What solution did you pick to test in old browser versions?

Hello,

the title says it all. I can use either a PC or a Mac.

Regards,

-jj. :slight_smile:

On The PC:

I have Firefox 2, 3.5, 3.6 installed as portable version and Firefox 4 installed for real. I also have an old version of sea monkey (1.1.17) which renders much the same as Firefox 2. Plus a Netscape 9 version although I rarely check in that.

I have multiple versions of opera installed but usually only test in the last couple of versions.

I usually only keep the latest versions of Safari and Chrome as they are changing too frequently to keep track of.

For IE I use Iester for ie6 - 8 while runing IE8 for real on my main PC (XP). I also have a laptop running vista which has IE8 running plus ietester installed.

On My mac I have The latest versions of Safari, Opera, Firefox etc. And then under parallels on the Mac I have Windows 7 installed running IE9.

For most browsers apart form IE you can download the older versions anyway so it’s not that great a problem but I tend to test in modern browsers while developing plus always checking in ie6 - 9 at frequent stages.

I prefer the Mac option (well, OK, I’m on a Mac anyway) because I can run everything there. Instead of Parallels, I use VMWare Fusion, which I really like, though I would probably have used VirtualBox (a free alternative) if I’d known about it. I haven’t tried all those options for multiple versions of browsers, but rather have different versions of each in various virtual machines. Probably overkill, but it works for me.

Most of the “tools” like IEtester or MultipleIE do not behave like the real browsers in terms of things like javascript and even some CSS elements – likewise FF4 will refuse to start if 3.x is already running… and online tools like “browsershots” are effectively useless for real-time checking of code changes AND are completely useless for checking things like hover states… and most of the time bear no resemblance to the actual browsers in their native environments.

Which is why I use VM’s under Oracle VirtualBox. If you can’t find a dead machine with a XP license sticker on it, and a XP CD there’s something wrong. Put in a bunch of separate installs each with their own version of IE and FF.

There is NOTHING like testing in the real operating environment as opposed to broken/buggy tools that really don’t get the job done right.
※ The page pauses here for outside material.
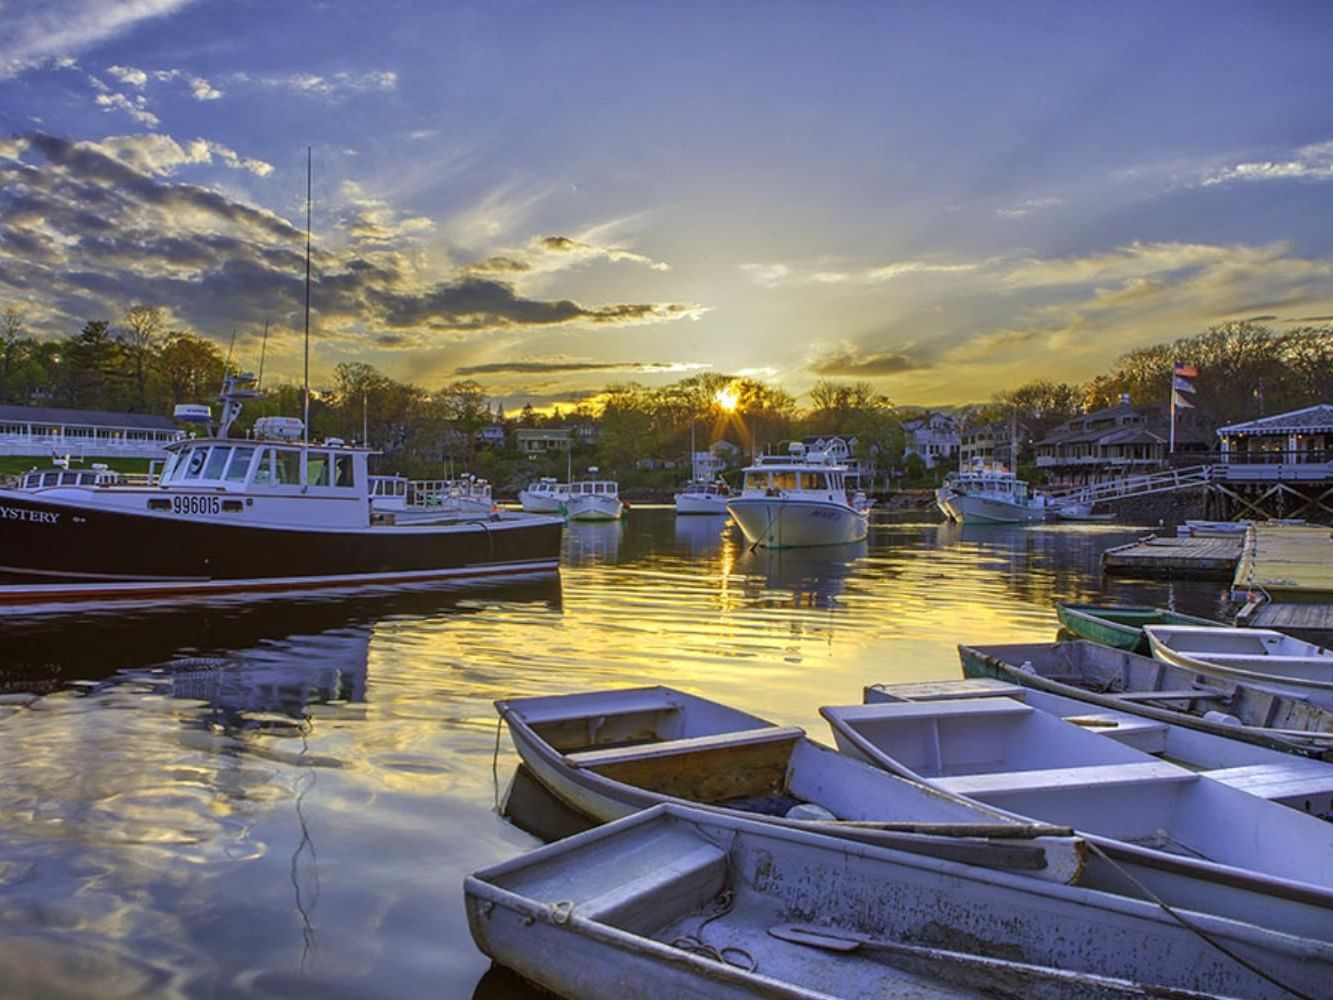 Boats docked at sunset with the sun setting behind them at Perkins Cove near Anchorage by the Sea

With regards to CSS I find ietester renders perfectly and have yet to find a situation on my machine where it didn’t behave as it should do (although I think I did see something different once but can’t remember what it was). I use it hundreds of times a day for the last few years and never really have a problem with it apart from it crashing regularly - which is a pain.

I will admit that others have said they have seen problems but I guess it depends on the exact set up. (I wouldn’t use it for JS testing though.)

There is of course no substitute for running the native version if you can however and even virtual box set ups seem to offer different results on occasions. Having a single computer running the single version/OS is the best solution but you end up with a desk full of old computers. I did keep a couple of old lap tops for this purpose but it just wasn’t worth the effort when I could run ietester in a second.

It seems nothing is perfect or representative of all machines. You would need to have all the different OS running all the different browser versions for perfect testing which is taking things to the extreme.

likewise FF4 will refuse to start if 3.x is already running…

I use the portable versions but they suffer from the same problem in that you can only one run at a time unfortunately. (That’s why previously I installed an old sea monkey which renders the same as FF2 and allows me to leave it running.)

Sihhh… I guess I’ll have to set up virtual box so I can test ie9. What a pain.

You can run different FF versions side by side on windows. You just need to make sure each instance runs on its own profile. That sounds more difficult than it is, see DouZeWorld » Using Firefox 3 and Firefox 4 side by side :slight_smile:

Most likely culprit of that is usually failing to test for unusual differences – there were no less than 52 separate patches to IE6 alone, many of which changed it’s behavior. As the trident engine is also used to render the UI, different versions of the OS can also have a great impact. Generally IE 5 and IE6 both behave differently under 2k and XP than they do 9x… Usually I’ve found if it works in 5.5 under 9x, you’re good to go in 2K/newer with 6. Which is why I still test 5.5 and 6 under 9x instead of XP… XP I use for IE 7 and 8, with 9 installed native under Win7.

I don’t make it “perfect” for them, but the page should at least still be usable. (even if the layout has some issues like some elements not centering).

Though my simple rules of “never delcare width or height on same elements as padding/border, don’t trust the default line-heights, if you change font-size redeclare the line-height, put haslayout triggers on the parents of positioned elements” is why I can still write pages that work just fine on the latest bleeding edge while working just fine all the way back to IE 5.5 (and sometimes 5.01)

I mean, apart from once in a blue moon needing zoomfix… that’s it. I almost wonder why people think supporting the older IE versions is “hard” – then I see their code and go “oh…” Well, that and there’s a lot of stuff I wouldn’t do in a layout in the first place; typically the stuff that leaves the art major going “but I can do it in photoshop”

Do you have a blog, or a ressource where you share your thoughts in more depths and/or give advice as to what to take into account to design for older browsers?